И повсюду было очень много солдат. Двое последних запахнули за ними двери опочивальни, грохнули древками об пол – и грохот, удаляясь, прокатился по всему дворцу.
Красс думал, что, может, стоит задушить ее периной – неужто он не справится? Задушить, уйти через окно – там карниз. Добраться до города, поднять верных...
А что, собственно, творится в городе?
Он ведь и вправду не знал – уехал из дому с утра. Но если Аврелия до сих пор жива, стало быть, никто не проявил достаточно смелости, чтобы ее переиграть.
– Говорят, Красс, ты язычник?
– Да, госпожа.
– Чем христианское учение отвращает тебя, Красс?
«Тем, что оно – убежище рабов и лицемеров. Всепрощение – из слабости или из личной выгоды равно омерзительно... Не все – прощается.»
«Нельзя менять веру, не зная ее основ. У меня не было времени на их изучение, госпожа...»
Не годится.
Ему пришло в голову еще несколько ответов – столь же дерзких. Пауза тяжелела. Аврелия медленно разоблачалась, из женоподобного юнца превращаясь в голенастую девку.
Может, она из трибад?
– Я спросила, Красс.
– Тем, что запрещает тешить плоть, госпожа. «Ну, хоть как-то к месту...»

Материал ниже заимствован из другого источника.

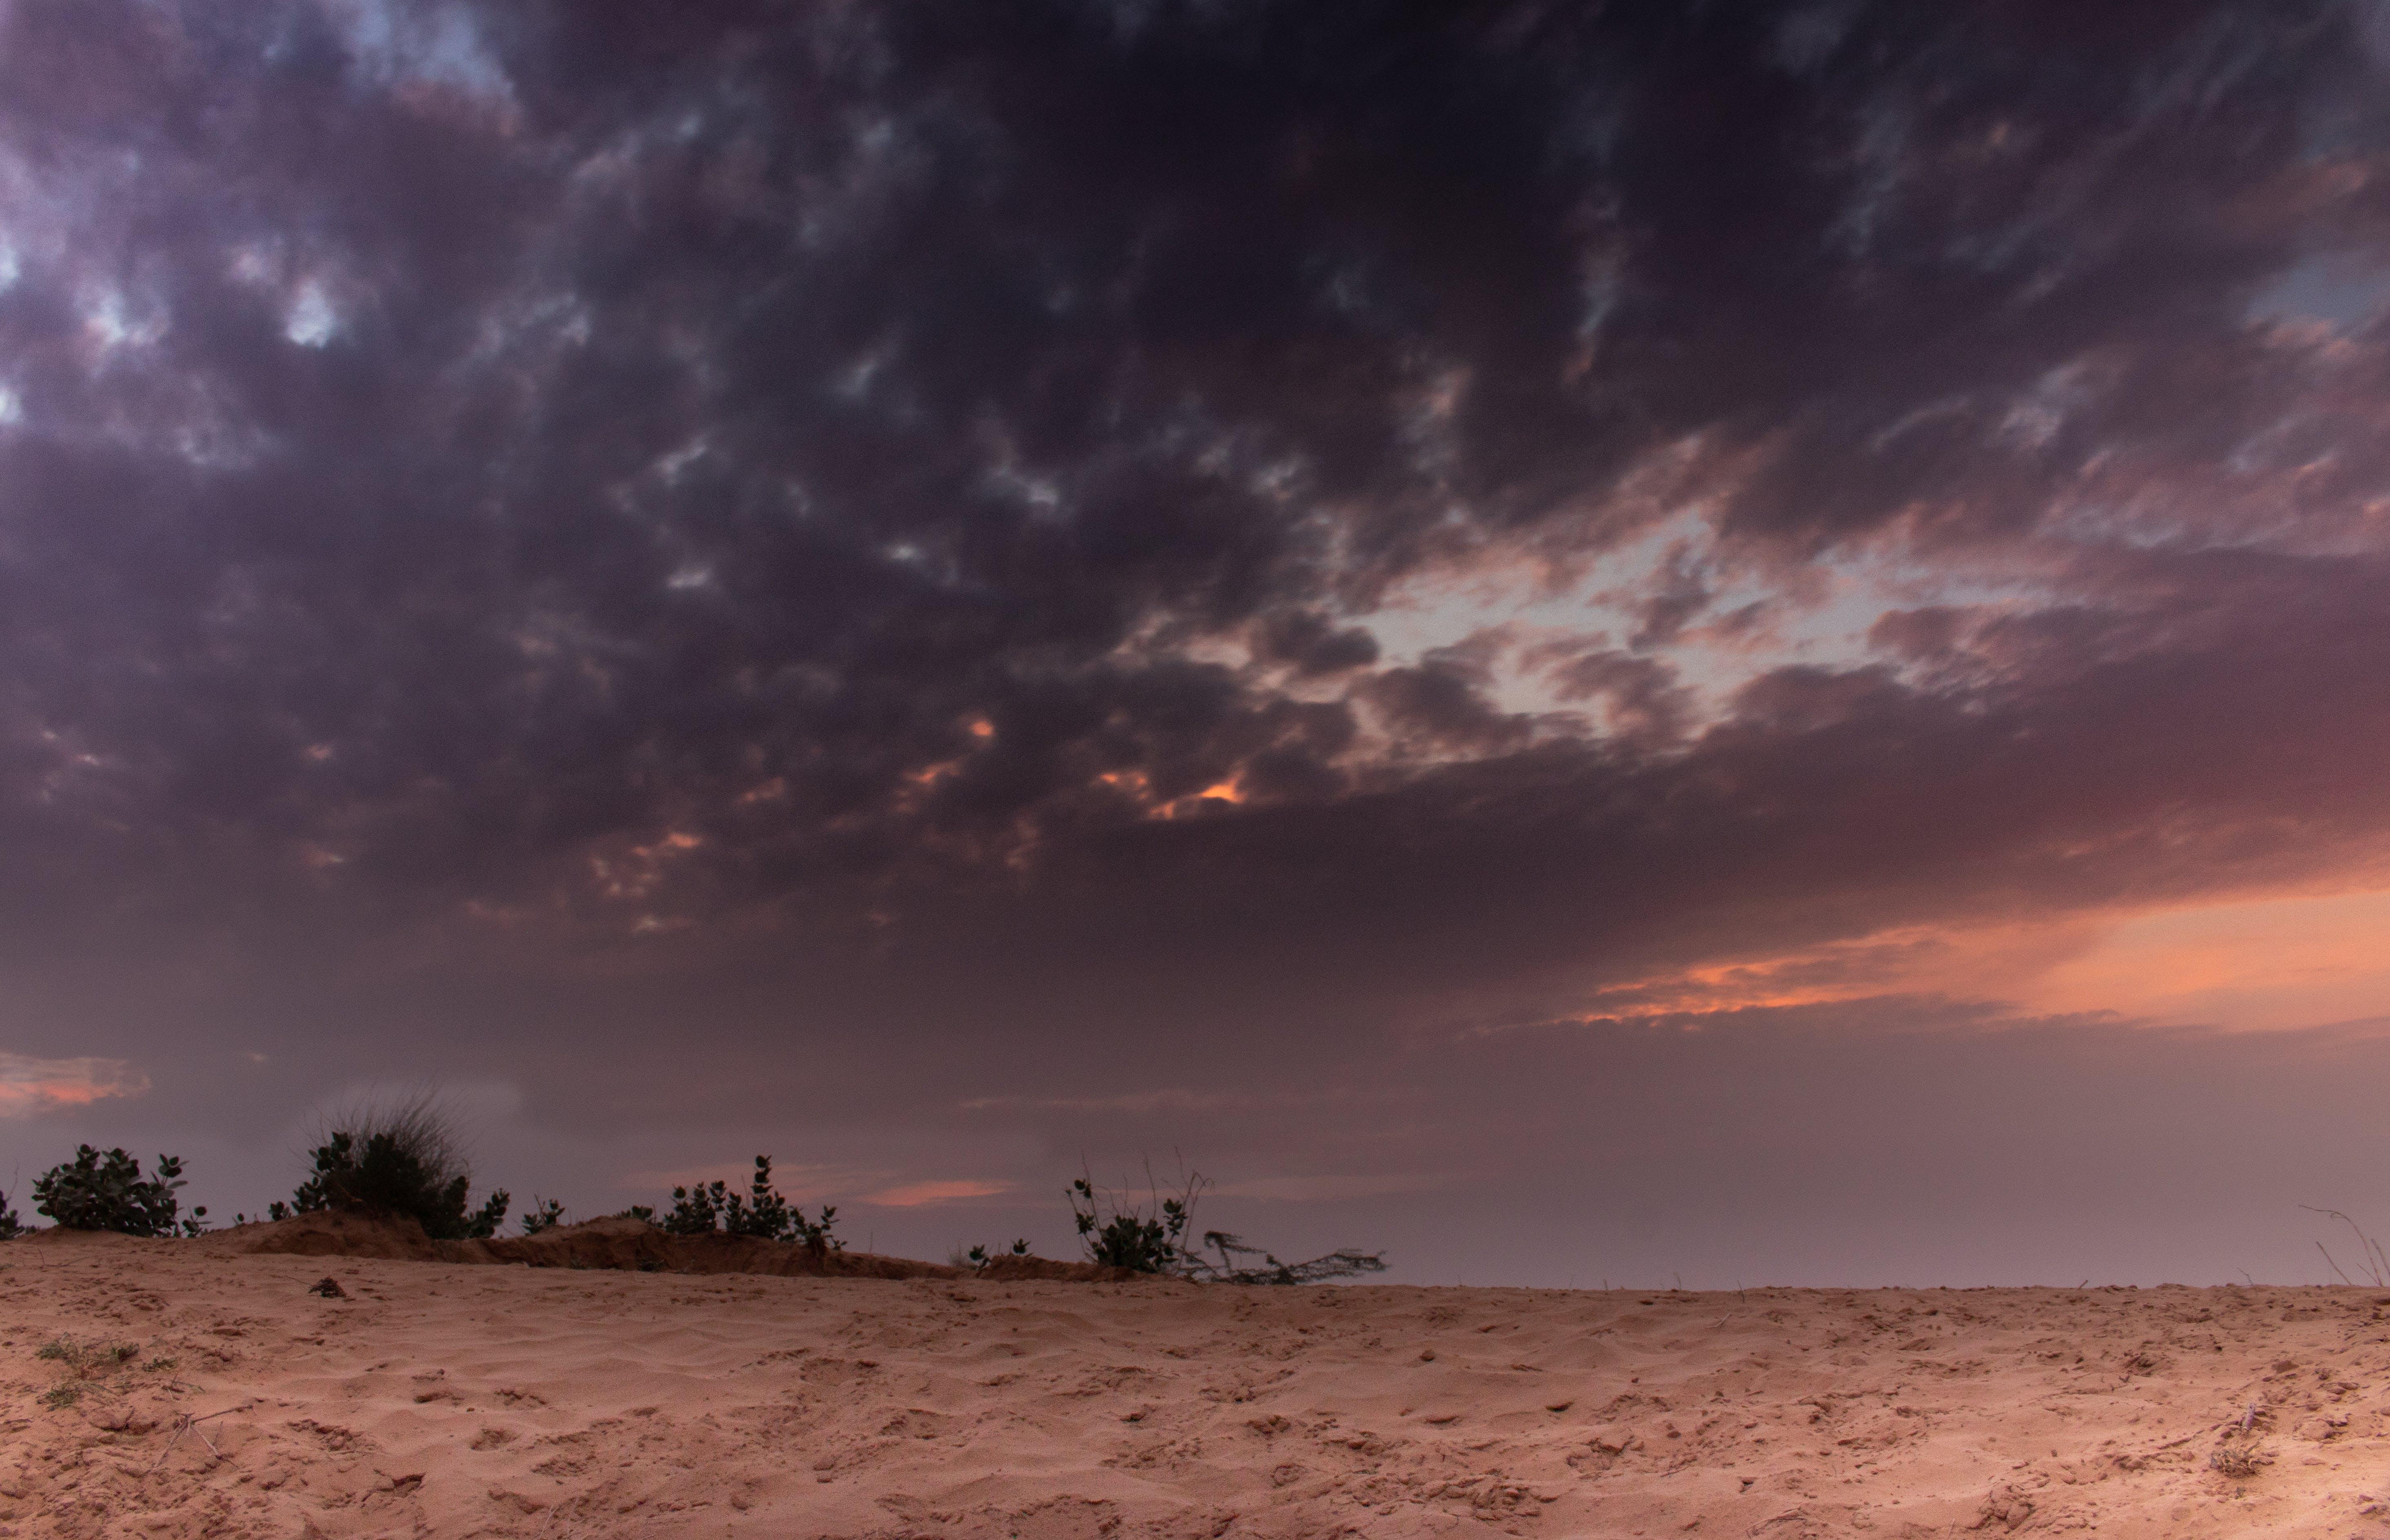 Sand Under Cloudy Skies

– По тебе этого не скажешь.
Да, он вдовел уже шесть лет. И презрительно обходил стороной сговорчивых женщин. И те его сторонились. На исходе семи лет вдовства он думал во второй раз жениться – на вдове своих лет или старой деве. Зов плоти приходилось заглушать настойками. Некстати пришло в голову, что снадобья вольноотпущенника-врача могли лишить его мужской силы. Прошибло потом. Открывающееся ему тело не пробуждало даже жажды насилия. Вот некоторые безумцы душат женщин, потом, еще теплых, берут... Боги, мерзость!
Сколько он уже так стоит посреди ковра?
Тем временем она разделась совсем.
Голая, рослая, белокожая.
У него не получалось даже свериться с собственным вкусом. Влекут ли его такие плотные груди, глубокий пупок и твердая выпуклость крепких колен всадницы? Он поймал себя на том, что избегает смотреть на венерин холм, выбритый так, что от щелки широкой «V» расходятся две полоски ржаво-рыжего явно крашеного ворса. Она потянулась, закинув за голову руки, чуть не вывернув блеклые вмятины подмышек...
... Саркис...
– Ну что, язычник Красс? Потешим плоть?
...и шагнула к нему вплотную. Пять с половиной локтей этой самой плоти, жадной до утешения.
Он вспомнил молодость и присосался к ее губам. Потом целовал подставленную грудь, прикусывая соски.
Она уже сидела на ложе, изрядно продавив задом перину (почему он замечает эти мелочи?), он был перед ней на коленях. Потянулся развести ее бедра, чтобы добраться до живота – и был отстранен.
Сенатор Корнелий Красс сидел на ковре у ее ног – взмокший под одежками, в парике, и терялся в догадках: что не так?
А ей за все его старания хотелось хлестнуть сановника по разрисованному лицу – и еще, и еще. Она жалела, что придумала все это. Сорокалетний честолюбец-сенатор не годился в шуты отпущения. Он молча страдал, в ниточку стиснув бледные – весь кармин перешел ей на грудь – губы. Уведенный прошлой ночью сын (где-то сейчас мается?), недавнее идиотическое благодушие (проглядели-проглядели, как втерлась в доверие когортам безродная шлюха!), прилюдный срам... И, надо думать, – после такого-то! – мужское бессилие.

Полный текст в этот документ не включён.